Task prompt: Omit the pictures. Transcribe exactly the lines below, from the one with "Design and creative" up to and including the last.

--- Given material Enclosed Below ---

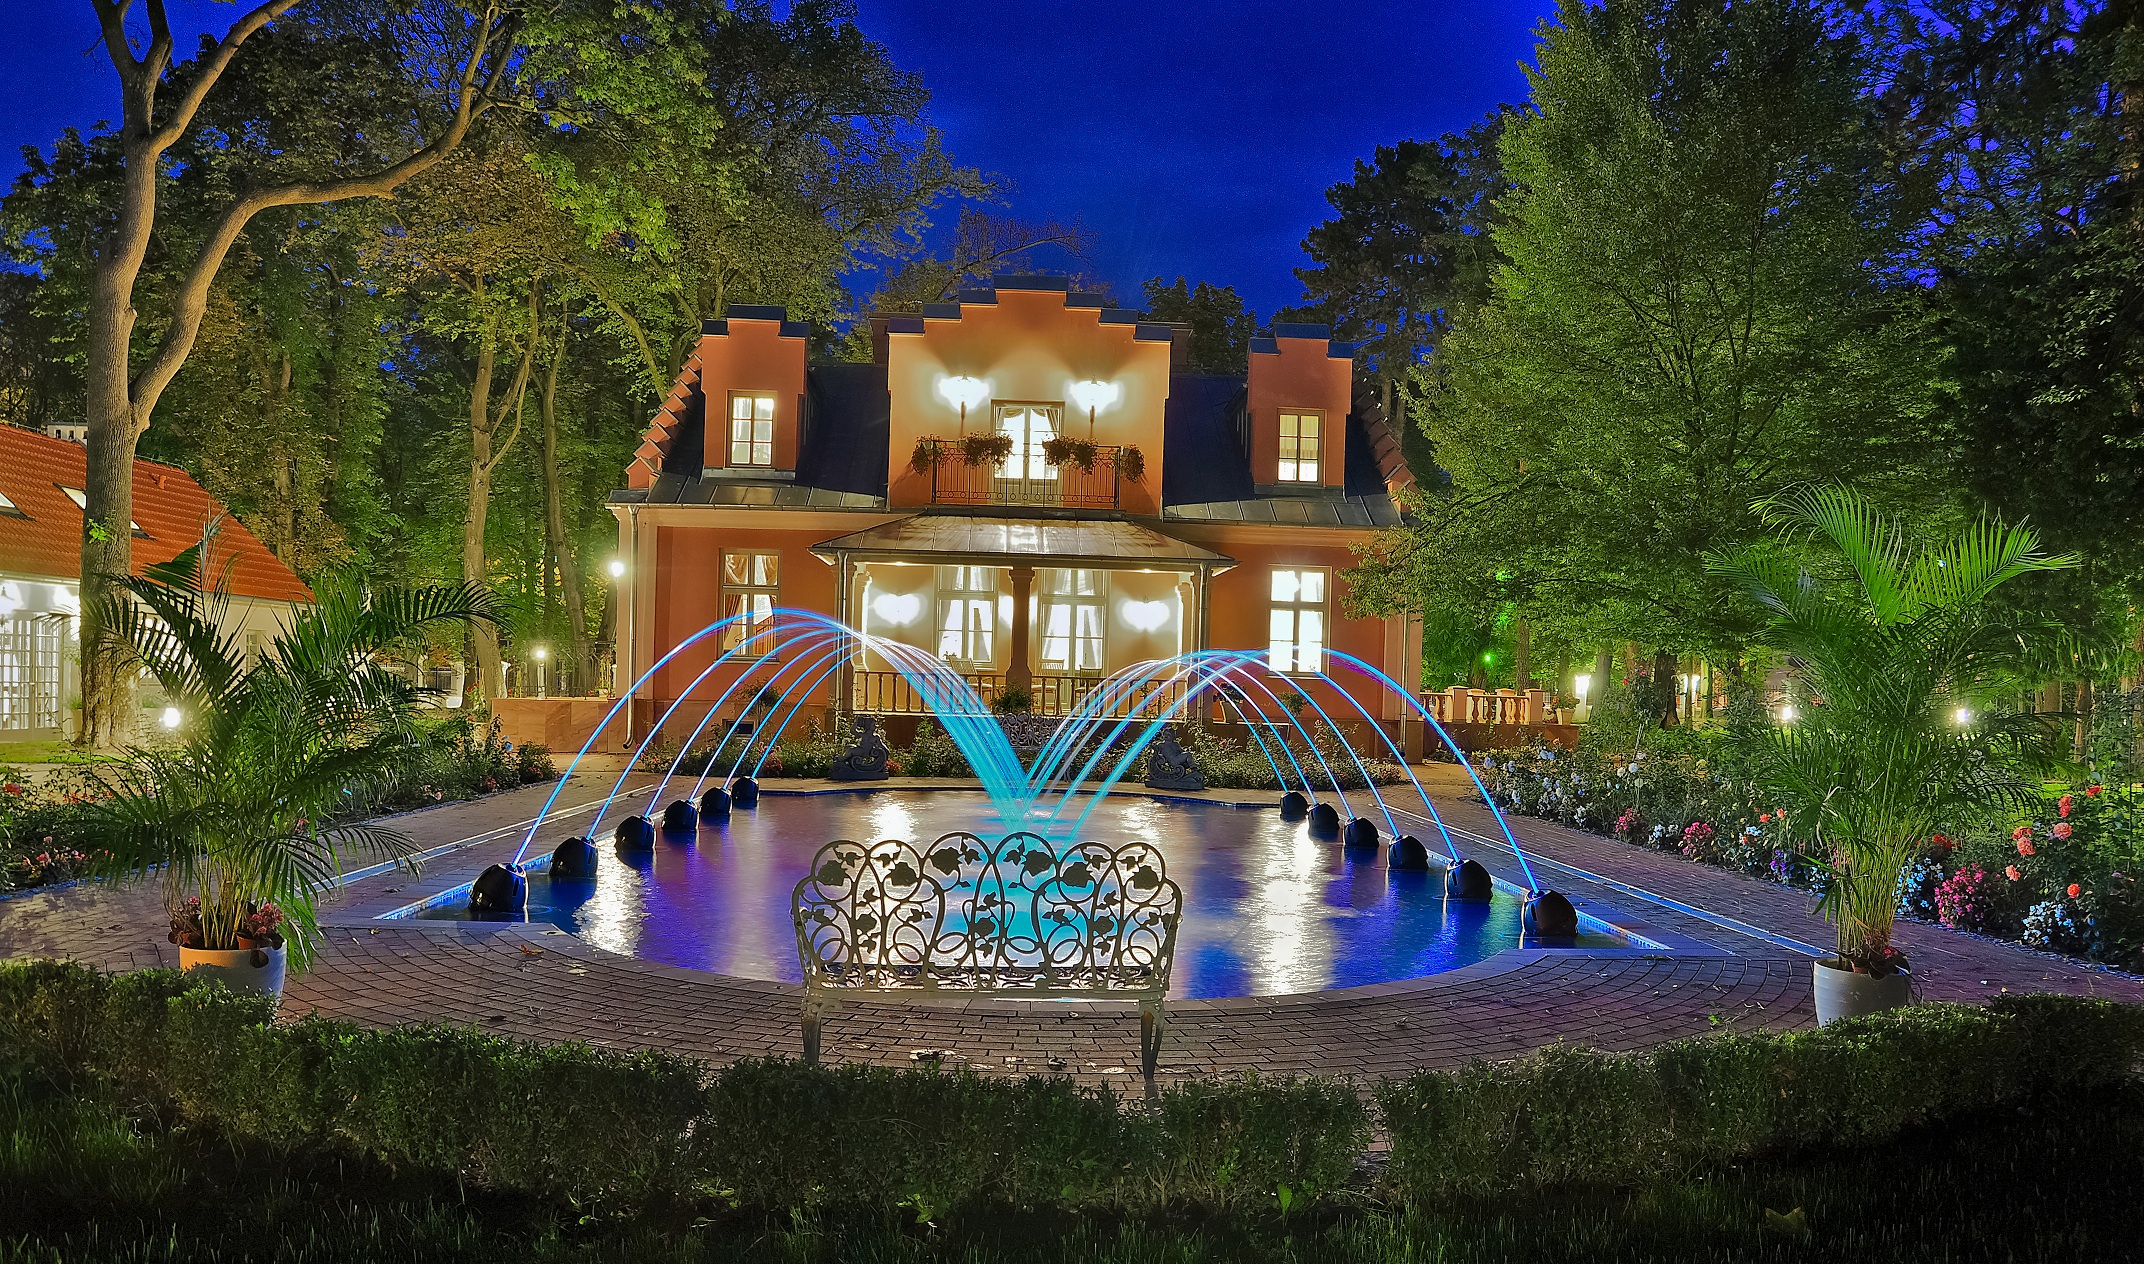 Willa Rozana - Ormonde Resort
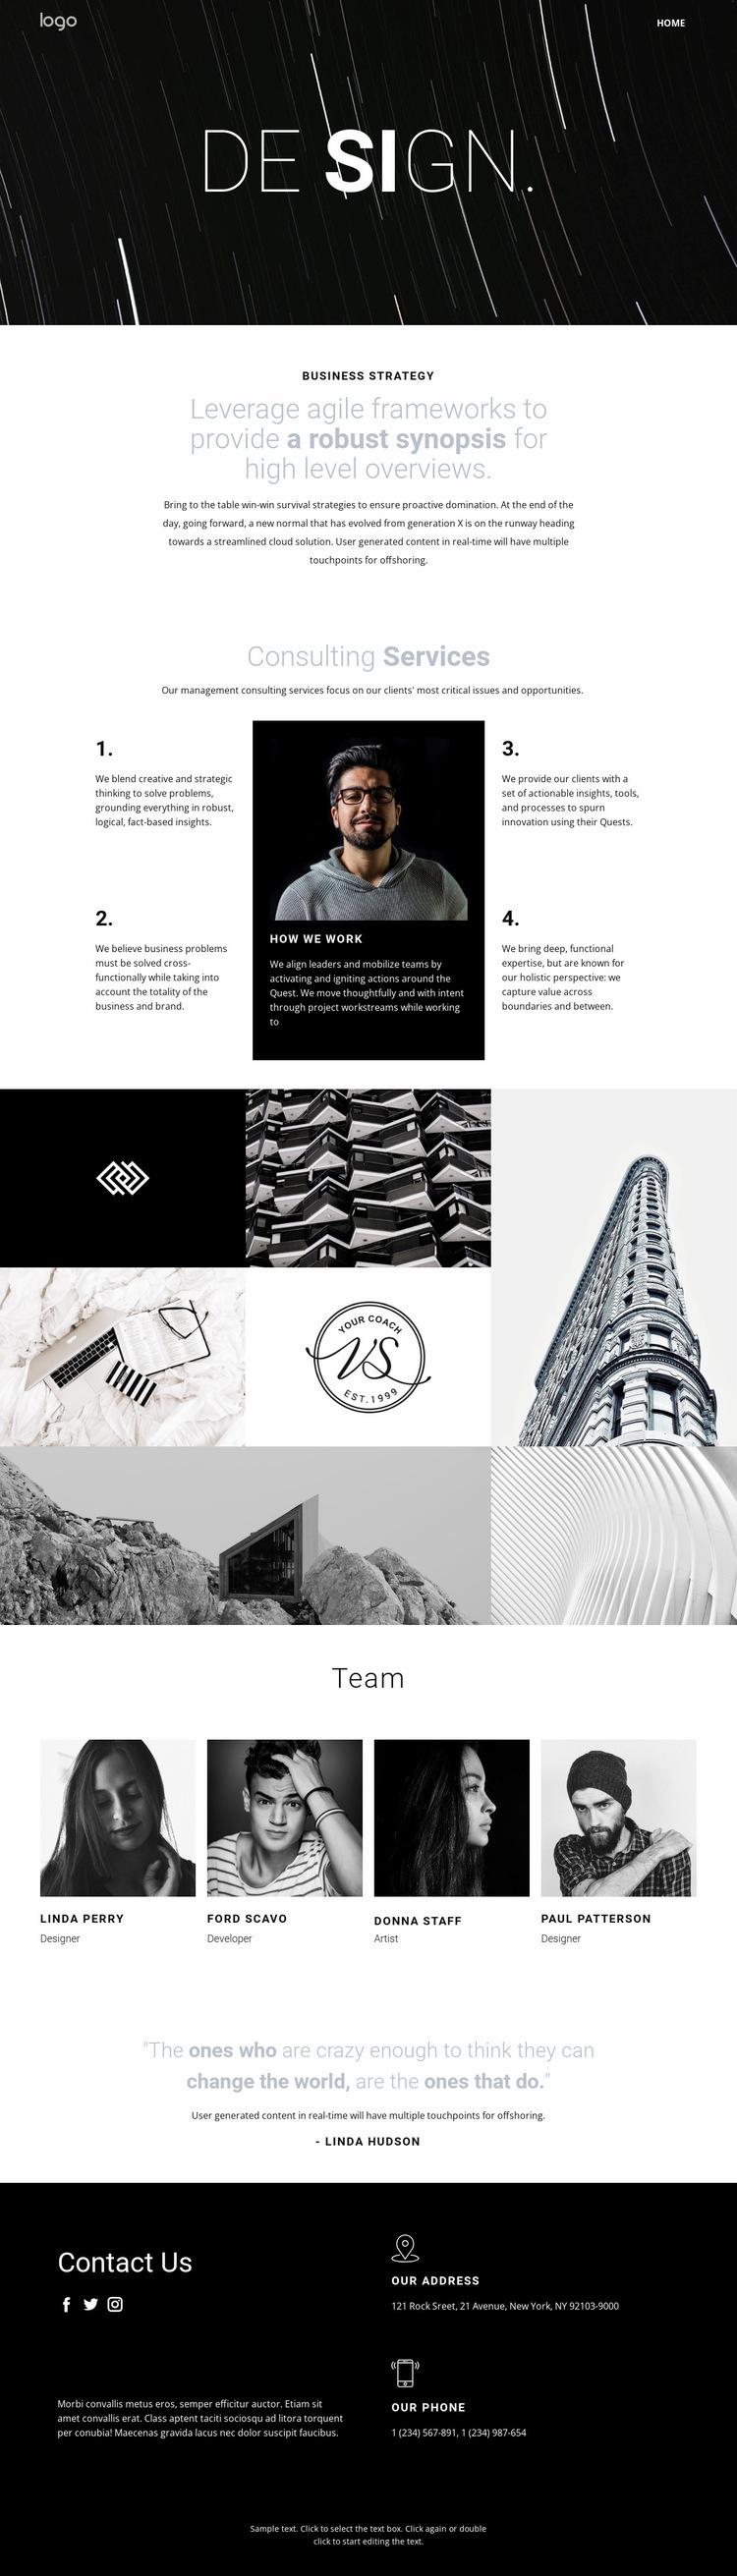 Design and creative art  Website Builder
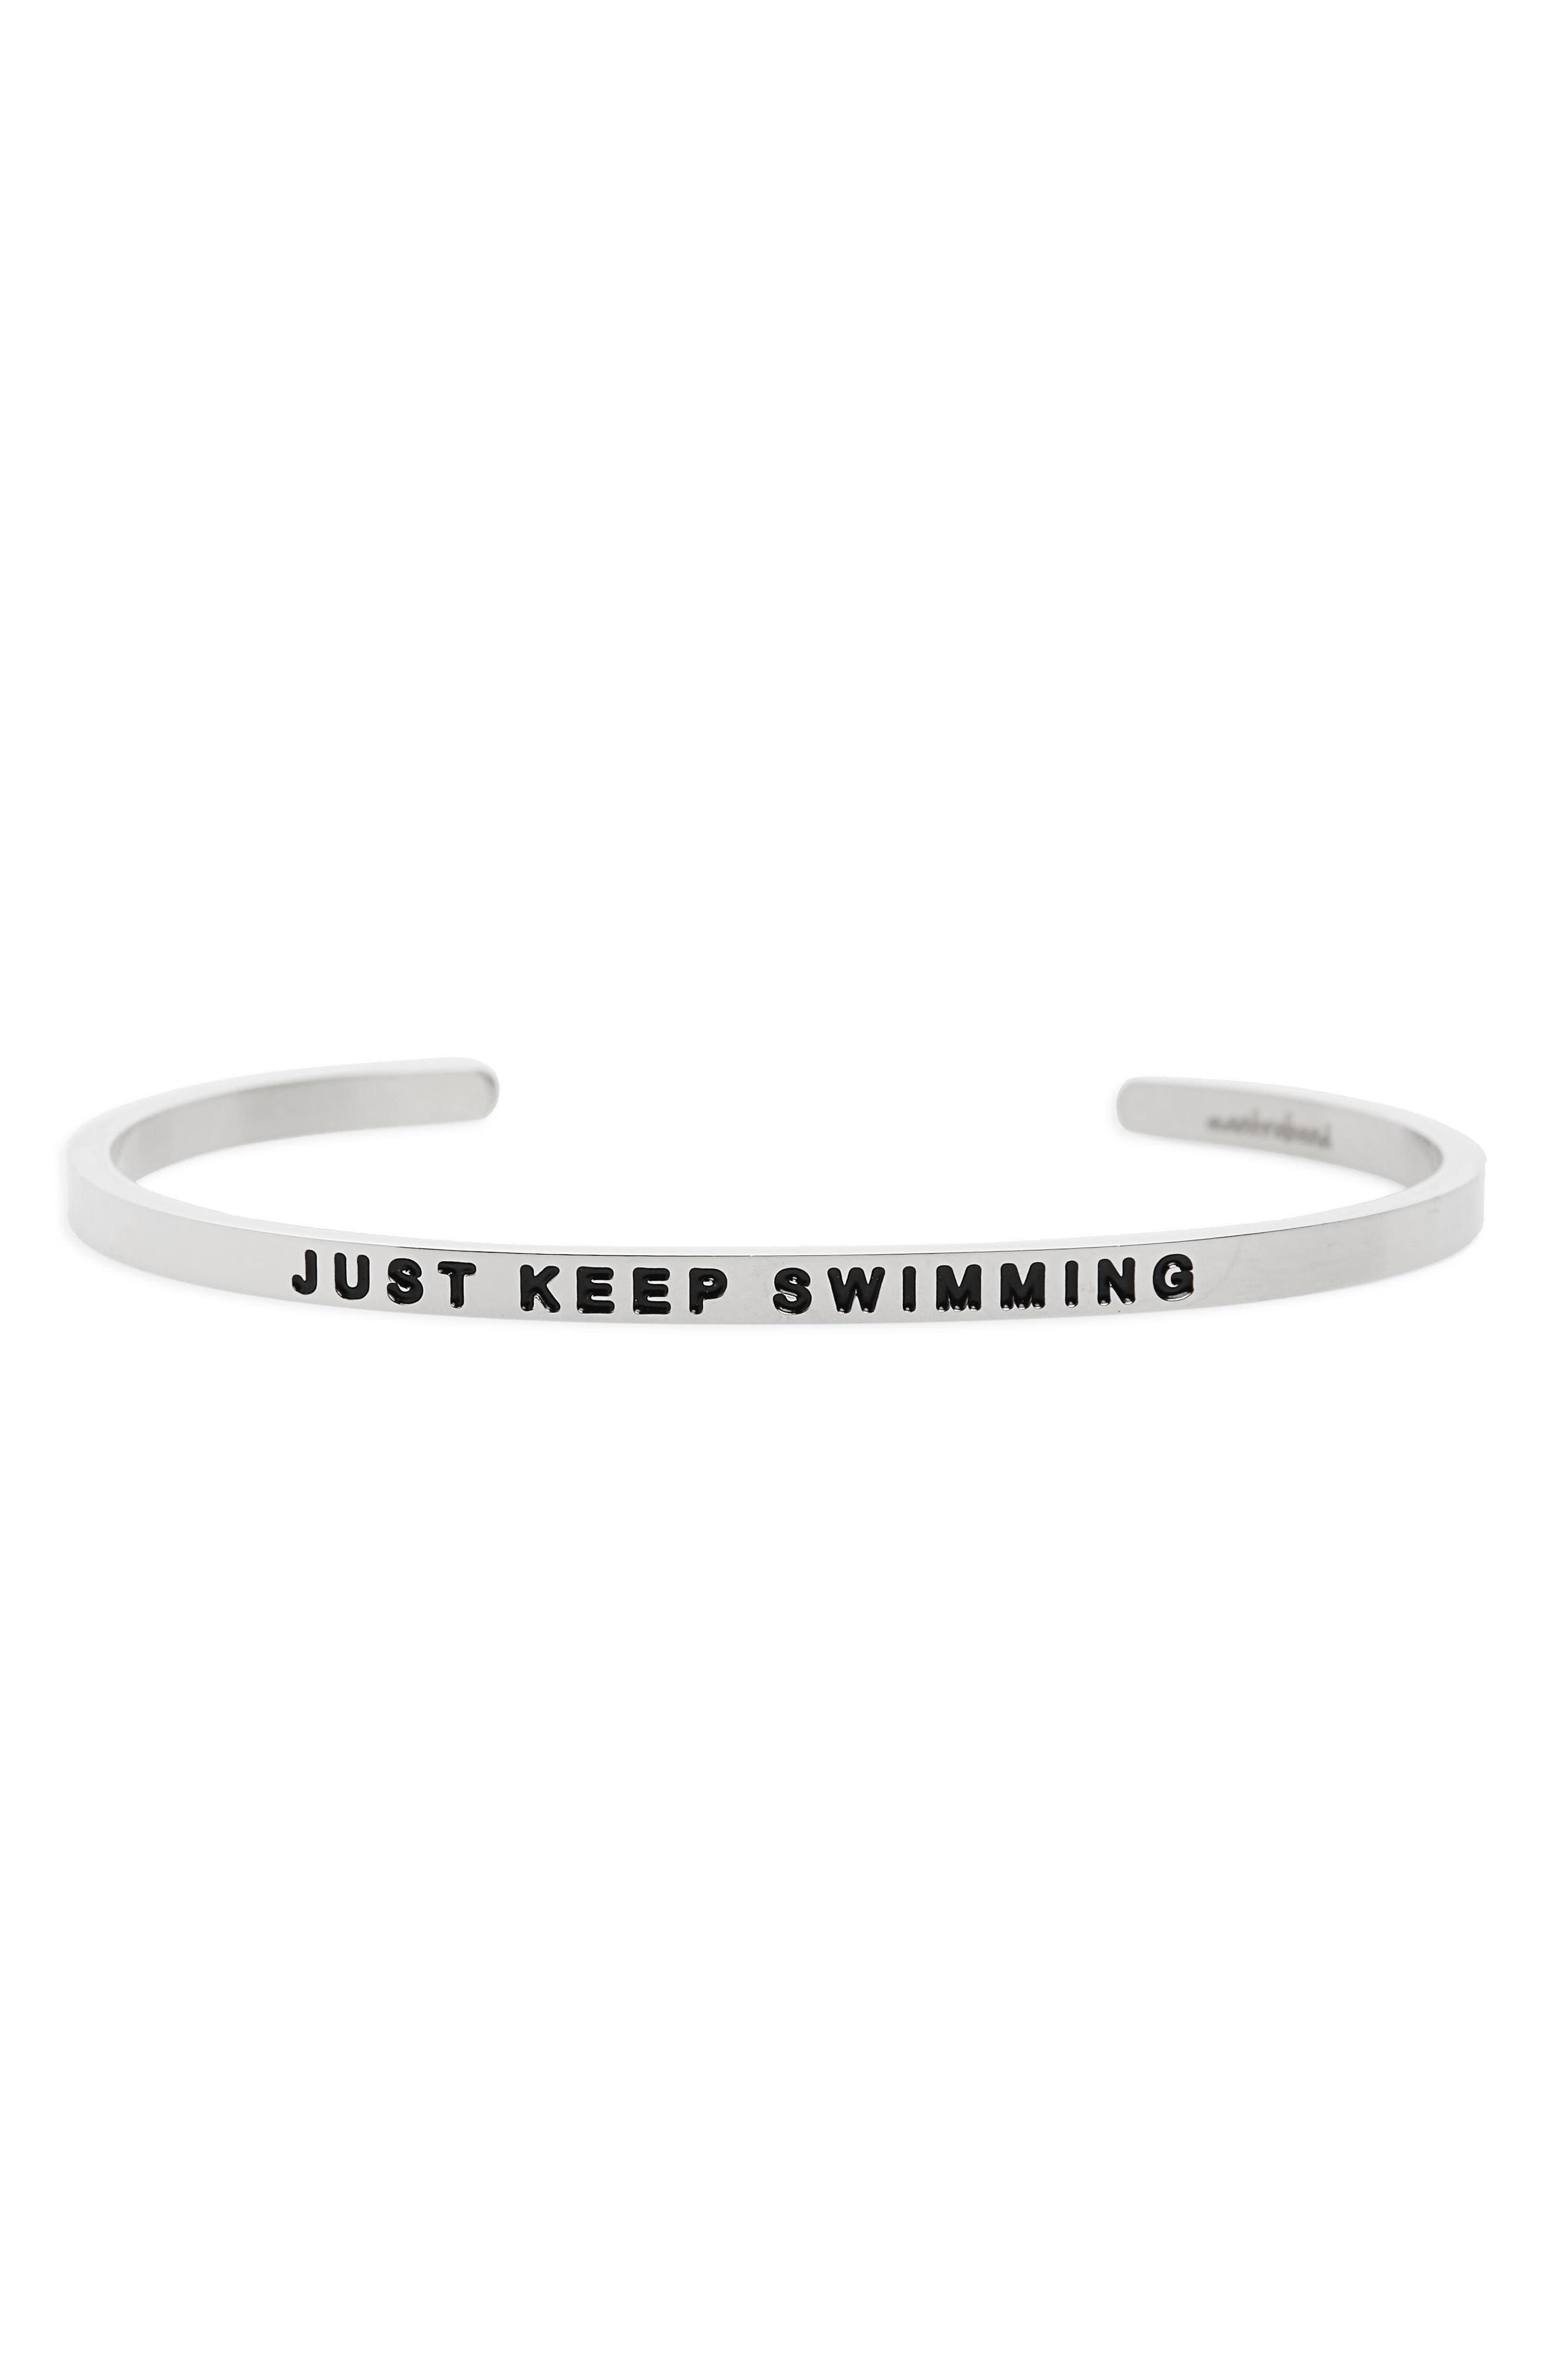 Just Keep Swimming Engraved Cuff,                             Main thumbnail 1, color,

--- End of Enclosed Given material ---

Task output:
 Design and creative art  Website Builder
 Just Keep Swimming Engraved Cuff,                             Main thumbnail 1, color,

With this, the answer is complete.